### Problem description:
Please repeat every entry that follows, keeping each one exactly the same.

### Available data:
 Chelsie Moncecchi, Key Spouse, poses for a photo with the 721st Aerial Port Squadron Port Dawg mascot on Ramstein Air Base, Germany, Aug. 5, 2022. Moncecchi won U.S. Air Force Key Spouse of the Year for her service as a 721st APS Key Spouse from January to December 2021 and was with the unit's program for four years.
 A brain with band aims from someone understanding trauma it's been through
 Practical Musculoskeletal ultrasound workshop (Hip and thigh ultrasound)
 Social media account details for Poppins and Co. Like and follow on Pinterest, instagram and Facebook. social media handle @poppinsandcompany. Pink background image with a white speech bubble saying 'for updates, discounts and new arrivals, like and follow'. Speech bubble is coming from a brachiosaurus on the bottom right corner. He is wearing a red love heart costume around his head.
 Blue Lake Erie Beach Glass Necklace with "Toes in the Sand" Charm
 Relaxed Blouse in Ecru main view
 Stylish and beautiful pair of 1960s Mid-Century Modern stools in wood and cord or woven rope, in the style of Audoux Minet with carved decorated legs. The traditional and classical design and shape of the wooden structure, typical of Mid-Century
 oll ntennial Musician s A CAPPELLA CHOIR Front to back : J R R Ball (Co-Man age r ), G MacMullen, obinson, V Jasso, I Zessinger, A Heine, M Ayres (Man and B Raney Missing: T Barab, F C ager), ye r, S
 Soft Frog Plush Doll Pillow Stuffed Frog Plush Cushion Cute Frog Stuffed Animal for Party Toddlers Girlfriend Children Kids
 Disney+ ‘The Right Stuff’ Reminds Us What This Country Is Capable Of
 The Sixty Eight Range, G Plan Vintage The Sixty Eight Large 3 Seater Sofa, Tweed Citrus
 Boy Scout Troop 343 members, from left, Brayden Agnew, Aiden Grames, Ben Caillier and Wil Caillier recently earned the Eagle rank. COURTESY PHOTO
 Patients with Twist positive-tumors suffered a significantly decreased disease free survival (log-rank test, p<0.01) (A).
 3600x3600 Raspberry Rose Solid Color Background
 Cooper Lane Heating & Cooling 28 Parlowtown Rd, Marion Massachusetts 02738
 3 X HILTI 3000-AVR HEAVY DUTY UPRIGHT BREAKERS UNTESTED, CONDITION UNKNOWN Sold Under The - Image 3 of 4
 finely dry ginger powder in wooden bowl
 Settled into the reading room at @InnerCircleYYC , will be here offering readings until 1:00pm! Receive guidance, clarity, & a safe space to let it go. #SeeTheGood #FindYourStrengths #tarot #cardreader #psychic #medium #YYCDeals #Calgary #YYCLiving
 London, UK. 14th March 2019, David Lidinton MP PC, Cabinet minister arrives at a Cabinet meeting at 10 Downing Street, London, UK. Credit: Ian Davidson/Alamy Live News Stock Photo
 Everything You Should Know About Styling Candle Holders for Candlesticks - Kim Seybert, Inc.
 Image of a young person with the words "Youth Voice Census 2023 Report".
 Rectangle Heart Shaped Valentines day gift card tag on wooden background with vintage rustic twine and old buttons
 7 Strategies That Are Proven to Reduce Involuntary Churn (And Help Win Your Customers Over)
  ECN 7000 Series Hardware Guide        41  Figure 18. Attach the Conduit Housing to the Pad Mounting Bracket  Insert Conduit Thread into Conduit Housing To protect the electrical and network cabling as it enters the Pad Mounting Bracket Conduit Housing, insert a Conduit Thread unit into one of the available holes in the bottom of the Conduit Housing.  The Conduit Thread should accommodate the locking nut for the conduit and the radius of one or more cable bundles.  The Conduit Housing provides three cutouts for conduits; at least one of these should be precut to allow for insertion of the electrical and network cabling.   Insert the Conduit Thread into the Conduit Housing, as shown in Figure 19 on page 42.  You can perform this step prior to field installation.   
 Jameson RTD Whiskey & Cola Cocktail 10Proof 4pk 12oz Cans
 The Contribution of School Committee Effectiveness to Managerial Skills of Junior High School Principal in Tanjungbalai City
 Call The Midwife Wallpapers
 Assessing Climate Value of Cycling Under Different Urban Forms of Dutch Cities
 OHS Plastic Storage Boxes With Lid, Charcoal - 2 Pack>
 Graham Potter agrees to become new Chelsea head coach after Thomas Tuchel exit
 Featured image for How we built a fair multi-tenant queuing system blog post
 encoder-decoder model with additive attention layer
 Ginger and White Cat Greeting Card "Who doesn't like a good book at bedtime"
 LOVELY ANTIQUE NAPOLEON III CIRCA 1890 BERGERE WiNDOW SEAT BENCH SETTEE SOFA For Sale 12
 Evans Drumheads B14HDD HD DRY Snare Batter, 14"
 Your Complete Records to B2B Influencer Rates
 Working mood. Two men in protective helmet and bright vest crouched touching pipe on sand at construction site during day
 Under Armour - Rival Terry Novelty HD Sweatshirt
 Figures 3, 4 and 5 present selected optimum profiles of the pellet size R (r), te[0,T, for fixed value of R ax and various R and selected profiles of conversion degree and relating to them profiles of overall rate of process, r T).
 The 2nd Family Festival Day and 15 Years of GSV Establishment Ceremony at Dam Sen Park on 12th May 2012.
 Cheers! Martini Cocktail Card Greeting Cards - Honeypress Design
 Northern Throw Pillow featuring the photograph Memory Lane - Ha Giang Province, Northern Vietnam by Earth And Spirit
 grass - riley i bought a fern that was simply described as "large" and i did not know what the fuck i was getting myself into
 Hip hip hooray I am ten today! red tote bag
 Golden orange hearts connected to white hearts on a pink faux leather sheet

### Your solution:
 Chelsie Moncecchi, Key Spouse, poses for a photo with the 721st Aerial Port Squadron Port Dawg mascot on Ramstein Air Base, Germany, Aug. 5, 2022. Moncecchi won U.S. Air Force Key Spouse of the Year for her service as a 721st APS Key Spouse from January to December 2021 and was with the unit's program for four years.
 A brain with band aims from someone understanding trauma it's been through
 Practical Musculoskeletal ultrasound workshop (Hip and thigh ultrasound)
 Social media account details for Poppins and Co. Like and follow on Pinterest, instagram and Facebook. social media handle @poppinsandcompany. Pink background image with a white speech bubble saying 'for updates, discounts and new arrivals, like and follow'. Speech bubble is coming from a brachiosaurus on the bottom right corner. He is wearing a red love heart costume around his head.
 Blue Lake Erie Beach Glass Necklace with "Toes in the Sand" Charm
 Relaxed Blouse in Ecru main view
 Stylish and beautiful pair of 1960s Mid-Century Modern stools in wood and cord or woven rope, in the style of Audoux Minet with carved decorated legs. The traditional and classical design and shape of the wooden structure, typical of Mid-Century
 oll ntennial Musician s A CAPPELLA CHOIR Front to back : J R R Ball (Co-Man age r ), G MacMullen, obinson, V Jasso, I Zessinger, A Heine, M Ayres (Man and B Raney Missing: T Barab, F C ager), ye r, S
 Soft Frog Plush Doll Pillow Stuffed Frog Plush Cushion Cute Frog Stuffed Animal for Party Toddlers Girlfriend Children Kids
 Disney+ ‘The Right Stuff’ Reminds Us What This Country Is Capable Of
 The Sixty Eight Range, G Plan Vintage The Sixty Eight Large 3 Seater Sofa, Tweed Citrus
 Boy Scout Troop 343 members, from left, Brayden Agnew, Aiden Grames, Ben Caillier and Wil Caillier recently earned the Eagle rank. COURTESY PHOTO
 Patients with Twist positive-tumors suffered a significantly decreased disease free survival (log-rank test, p<0.01) (A).
 3600x3600 Raspberry Rose Solid Color Background
 Cooper Lane Heating & Cooling 28 Parlowtown Rd, Marion Massachusetts 02738
 3 X HILTI 3000-AVR HEAVY DUTY UPRIGHT BREAKERS UNTESTED, CONDITION UNKNOWN Sold Under The - Image 3 of 4
 finely dry ginger powder in wooden bowl
 Settled into the reading room at @InnerCircleYYC , will be here offering readings until 1:00pm! Receive guidance, clarity, & a safe space to let it go. #SeeTheGood #FindYourStrengths #tarot #cardreader #psychic #medium #YYCDeals #Calgary #YYCLiving
 London, UK. 14th March 2019, David Lidinton MP PC, Cabinet minister arrives at a Cabinet meeting at 10 Downing Street, London, UK. Credit: Ian Davidson/Alamy Live News Stock Photo
 Everything You Should Know About Styling Candle Holders for Candlesticks - Kim Seybert, Inc.
 Image of a young person with the words "Youth Voice Census 2023 Report".
 Rectangle Heart Shaped Valentines day gift card tag on wooden background with vintage rustic twine and old buttons
 7 Strategies That Are Proven to Reduce Involuntary Churn (And Help Win Your Customers Over)
  ECN 7000 Series Hardware Guide        41  Figure 18. Attach the Conduit Housing to the Pad Mounting Bracket  Insert Conduit Thread into Conduit Housing To protect the electrical and network cabling as it enters the Pad Mounting Bracket Conduit Housing, insert a Conduit Thread unit into one of the available holes in the bottom of the Conduit Housing.  The Conduit Thread should accommodate the locking nut for the conduit and the radius of one or more cable bundles.  The Conduit Housing provides three cutouts for conduits; at least one of these should be precut to allow for insertion of the electrical and network cabling.   Insert the Conduit Thread into the Conduit Housing, as shown in Figure 19 on page 42.  You can perform this step prior to field installation.   
 Jameson RTD Whiskey & Cola Cocktail 10Proof 4pk 12oz Cans
 The Contribution of School Committee Effectiveness to Managerial Skills of Junior High School Principal in Tanjungbalai City
 Call The Midwife Wallpapers
 Assessing Climate Value of Cycling Under Different Urban Forms of Dutch Cities
 OHS Plastic Storage Boxes With Lid, Charcoal - 2 Pack>
 Graham Potter agrees to become new Chelsea head coach after Thomas Tuchel exit
 Featured image for How we built a fair multi-tenant queuing system blog post
 encoder-decoder model with additive attention layer
 Ginger and White Cat Greeting Card "Who doesn't like a good book at bedtime"
 LOVELY ANTIQUE NAPOLEON III CIRCA 1890 BERGERE WiNDOW SEAT BENCH SETTEE SOFA For Sale 12
 Evans Drumheads B14HDD HD DRY Snare Batter, 14"
 Your Complete Records to B2B Influencer Rates
 Working mood. Two men in protective helmet and bright vest crouched touching pipe on sand at construction site during day
 Under Armour - Rival Terry Novelty HD Sweatshirt
 Figures 3, 4 and 5 present selected optimum profiles of the pellet size R (r), te[0,T, for fixed value of R ax and various R and selected profiles of conversion degree and relating to them profiles of overall rate of process, r T).
 The 2nd Family Festival Day and 15 Years of GSV Establishment Ceremony at Dam Sen Park on 12th May 2012.
 Cheers! Martini Cocktail Card Greeting Cards - Honeypress Design
 Northern Throw Pillow featuring the photograph Memory Lane - Ha Giang Province, Northern Vietnam by Earth And Spirit
 grass - riley i bought a fern that was simply described as "large" and i did not know what the fuck i was getting myself into
 Hip hip hooray I am ten today! red tote bag
 Golden orange hearts connected to white hearts on a pink faux leather sheet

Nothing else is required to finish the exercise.